__GOAL OF THE EXERCISE__.
Using the data below, return every line that holds the word "einem".

__TASK INPUT__.
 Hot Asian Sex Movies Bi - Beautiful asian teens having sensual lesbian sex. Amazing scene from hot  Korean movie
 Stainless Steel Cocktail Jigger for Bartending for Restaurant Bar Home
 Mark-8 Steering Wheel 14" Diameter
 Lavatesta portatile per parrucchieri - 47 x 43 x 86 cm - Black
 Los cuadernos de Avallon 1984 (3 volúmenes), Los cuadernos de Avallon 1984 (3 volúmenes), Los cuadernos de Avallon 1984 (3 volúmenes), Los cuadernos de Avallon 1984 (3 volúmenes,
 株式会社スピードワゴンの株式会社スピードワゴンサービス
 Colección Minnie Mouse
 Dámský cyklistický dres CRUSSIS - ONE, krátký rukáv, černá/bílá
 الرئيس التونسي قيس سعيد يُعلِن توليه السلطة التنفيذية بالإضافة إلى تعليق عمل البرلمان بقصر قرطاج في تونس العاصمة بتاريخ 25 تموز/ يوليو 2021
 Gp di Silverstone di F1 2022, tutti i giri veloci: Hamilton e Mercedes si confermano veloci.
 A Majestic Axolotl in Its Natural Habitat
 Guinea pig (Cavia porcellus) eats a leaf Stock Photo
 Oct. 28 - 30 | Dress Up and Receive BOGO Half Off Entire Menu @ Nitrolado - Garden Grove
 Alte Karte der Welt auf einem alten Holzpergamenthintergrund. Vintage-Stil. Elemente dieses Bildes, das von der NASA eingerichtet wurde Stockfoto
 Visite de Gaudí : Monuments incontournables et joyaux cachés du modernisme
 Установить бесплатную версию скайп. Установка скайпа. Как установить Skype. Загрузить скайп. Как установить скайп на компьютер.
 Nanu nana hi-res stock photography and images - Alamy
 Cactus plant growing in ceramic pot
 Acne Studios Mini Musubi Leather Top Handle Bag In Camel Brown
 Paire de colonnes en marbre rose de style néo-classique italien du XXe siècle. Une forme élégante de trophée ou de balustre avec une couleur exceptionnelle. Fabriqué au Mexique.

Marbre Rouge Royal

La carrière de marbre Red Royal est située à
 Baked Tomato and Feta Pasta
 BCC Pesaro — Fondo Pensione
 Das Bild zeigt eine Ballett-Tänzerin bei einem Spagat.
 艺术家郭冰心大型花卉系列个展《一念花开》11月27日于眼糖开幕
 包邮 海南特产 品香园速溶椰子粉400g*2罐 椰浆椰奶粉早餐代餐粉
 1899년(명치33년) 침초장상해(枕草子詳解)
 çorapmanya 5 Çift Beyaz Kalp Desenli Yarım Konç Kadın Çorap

__COMPLETED TASK__.
 Alte Karte der Welt auf einem alten Holzpergamenthintergrund. Vintage-Stil. Elemente dieses Bildes, das von der NASA eingerichtet wurde Stockfoto
 Das Bild zeigt eine Ballett-Tänzerin bei einem Spagat.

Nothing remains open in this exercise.